Research Unit, Hospital Universitario La Paz-FIBHULP, Madrid, Spain.
Nephrol Dial Transplant. 2011 Sep;26(9):2995-3005. doi: 10.1093/ndt/gfq771. Epub 2011 Feb 15.
Depending on the cytokine microenvironment, macrophages (Mϕ) can adopt a proinflammatory (M1) or a profibrotic (M2) phenotype characterized by the expression of cell surface proteins such as CD206 and CD163 and soluble factors such as CC chemokine ligand 18 (CCL18). A key role for Mϕ in fibrosis has been observed in diverse organ settings. We studied the Mϕ population in a human model of peritoneal dialysis in which continuous stress due to dialysis fluids and recurrent peritonitis represent a risk for peritoneal membrane dysfunction reflected as ultrafiltration failure (UFF) and peritoneal fibrosis.
We used flow cytometry and quantitative reverse transcription-polymerase chain reaction to analyse the phenotype of peritoneal effluent Mϕ and tested their ability to stimulate the proliferation of human fibroblasts. Mϕ from non-infected patients were compared with those from patients with active peritonitis. Cytokine production was evaluated by enzyme-linked immunosorbent assay (ELISA) in spent dialysates and cell culture supernatants.

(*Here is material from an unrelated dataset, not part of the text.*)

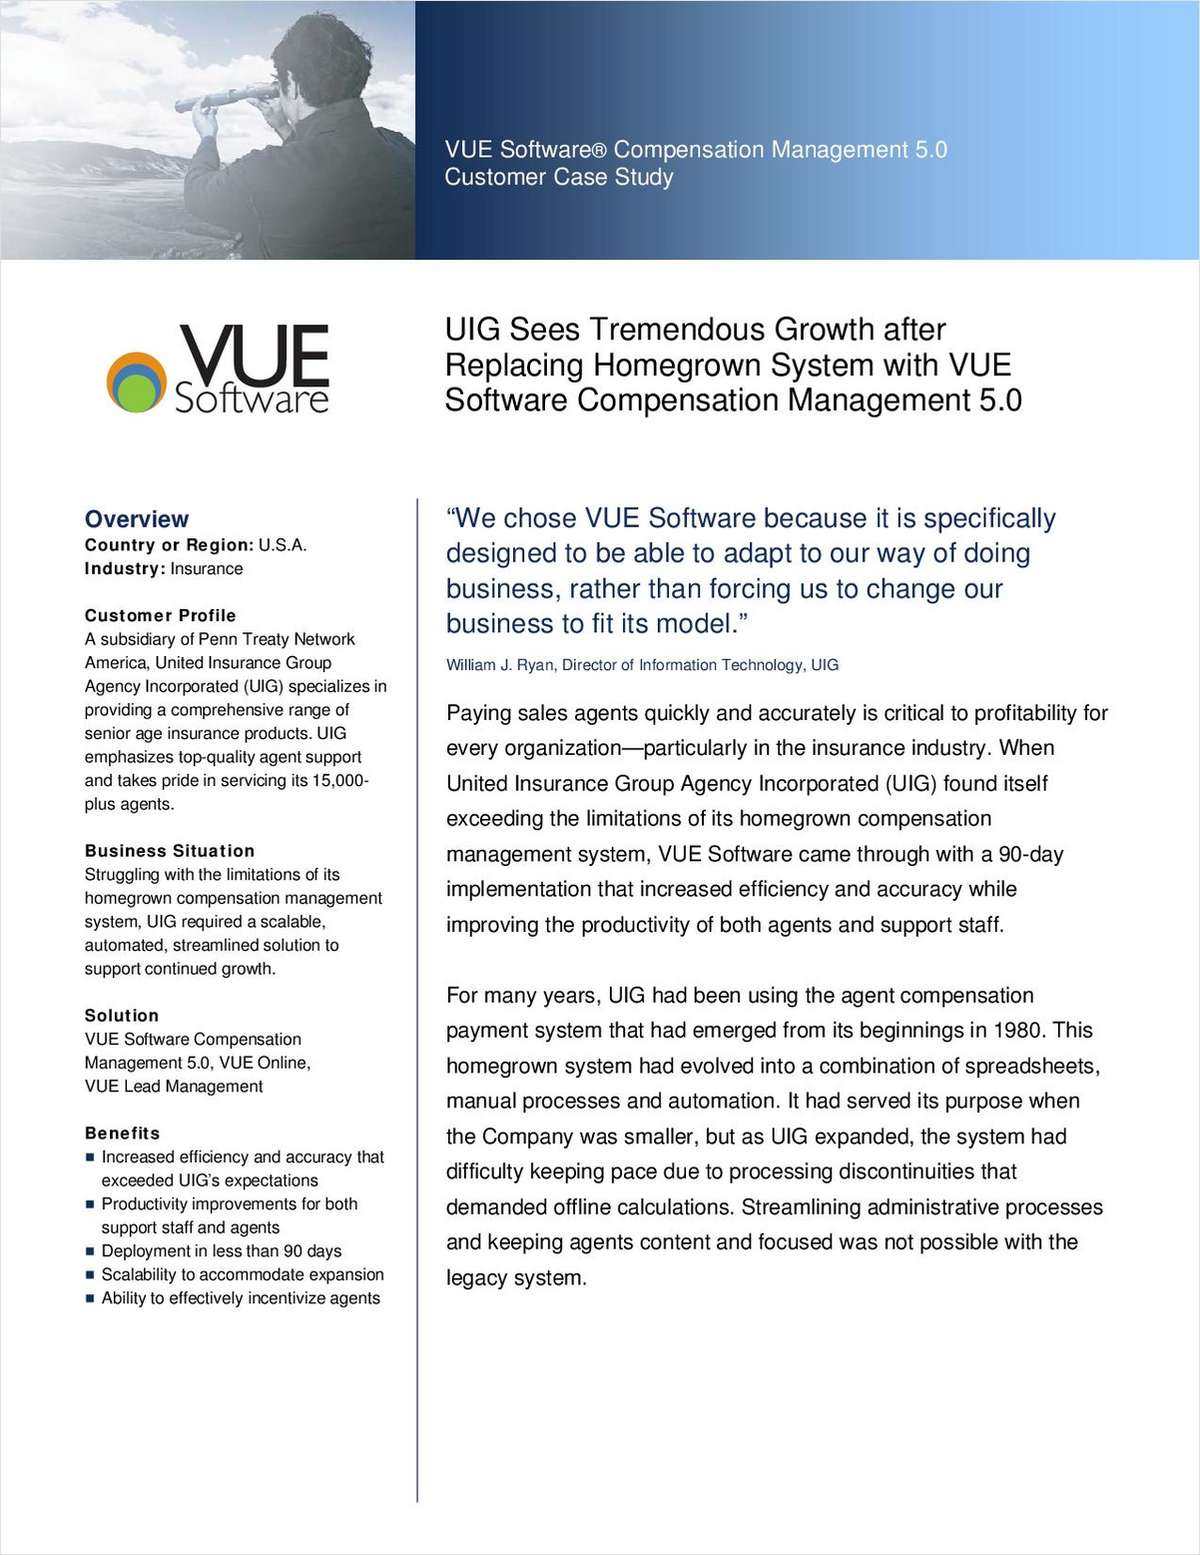 UIG Sees Tremendous Growth after Replacing Homegrown System with VUE Software Compensation Management 5.0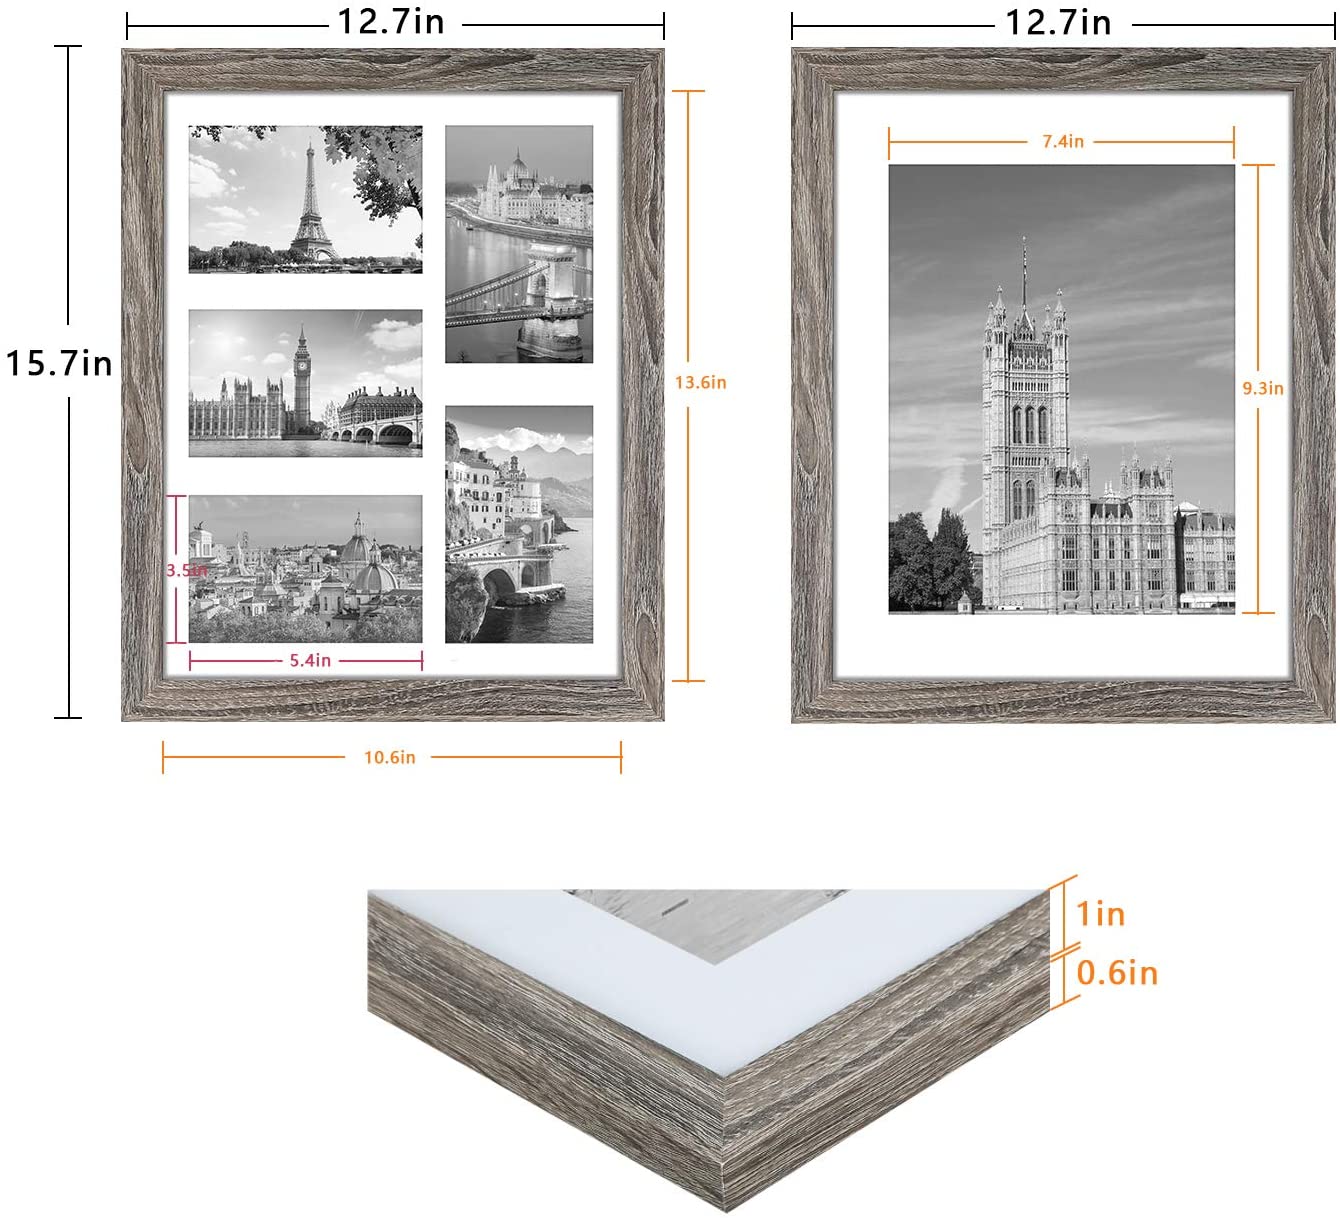 NUOLAN 11x14 Picture Frame Rustic Wood Pattern Set of 2 with 4 Mats. - e4cents

CD206(+) and CD163(+) M2 were found within peritoneal effluents by flow cytometry analysis, with increased frequencies of CD163(+) cells during peritonitis (P = 0.003). TGFB1, MMP9 and CCL18 messenger RNA (mRNA) levels in peritoneal macrophages (pMϕ) were similar to those found in M2 cells differentiated in vitro. The ability of pMϕ to stimulate fibroblast proliferation correlated with CCL18 mRNA levels (r = 0.924, P = 0.016). CCL18 production by pMϕ was confirmed by immunostaining of cytospin samples and ELISA. Moreover, CCL18 effluent concentrations correlated with decreased peritoneal function, which was evaluated as dialysate to plasma ratio of creatinine (r = 0.724, P < 0.0001), and were significantly higher in patients with UFF (P = 0.0025) and in those who later developed sclerosing peritonitis (P = 0.024).
M2 may participate in human peritoneal fibrosis through the stimulation of fibroblast cell growth and CCL18 production as high concentrations of CCL18 are associated with functional deficiency and fibrosis of the peritoneal membrane.
根据细胞因子微环境的不同,巨噬细胞(Mϕ)可以表现出促炎(M1)或促纤维化(M2)表型,其特征是细胞表面蛋白如 CD206 和 CD163 的表达以及趋化因子 CC 配体 18(CCL18)等可溶性因子的表达。在多种器官中观察到 Mϕ 在纤维化中起着关键作用。我们在腹膜透析的人类模型中研究了 Mϕ 群体,在该模型中,由于透析液的持续压力和复发性腹膜炎,腹膜功能障碍表现为超滤衰竭(UFF)和腹膜纤维化的风险增加。
我们使用流式细胞术和定量逆转录聚合酶链反应分析腹膜灌流液中 Mϕ 的表型,并测试它们刺激人成纤维细胞增殖的能力。将非感染患者的 Mϕ 与患有活动性腹膜炎的患者的 Mϕ 进行比较。通过酶联免疫吸附试验(ELISA)在耗竭的透析液和细胞培养上清液中评估细胞因子的产生。
通过流式细胞术分析在腹膜灌流液中发现 CD206(+)和 CD163(+)M2,在腹膜炎期间 CD163(+)细胞的频率增加(P = 0.003)。腹膜巨噬细胞(pMϕ)中的 TGFB1、MMP9 和 CCL18 信使 RNA(mRNA)水平与体外分化的 M2 细胞相似。pMϕ 刺激成纤维细胞增殖的能力与 CCL18 mRNA 水平相关(r = 0.924,P = 0.016)。通过免疫细胞化学染色和 ELISA 对 pMϕ 分泌的 CCL18 进行了验证。此外,CCL18 流出浓度与腹膜功能下降相关,以肌酐的透析液到血浆比(r = 0.724,P < 0.0001)评估,在 UFF 患者(P = 0.0025)和随后发生硬化性腹膜炎的患者(P = 0.024)中明显更高。
M2 可能通过刺激成纤维细胞的生长和 CCL18 的产生而参与人类腹膜纤维化,因为 CCL18 的高浓度与腹膜功能障碍和腹膜纤维化有关。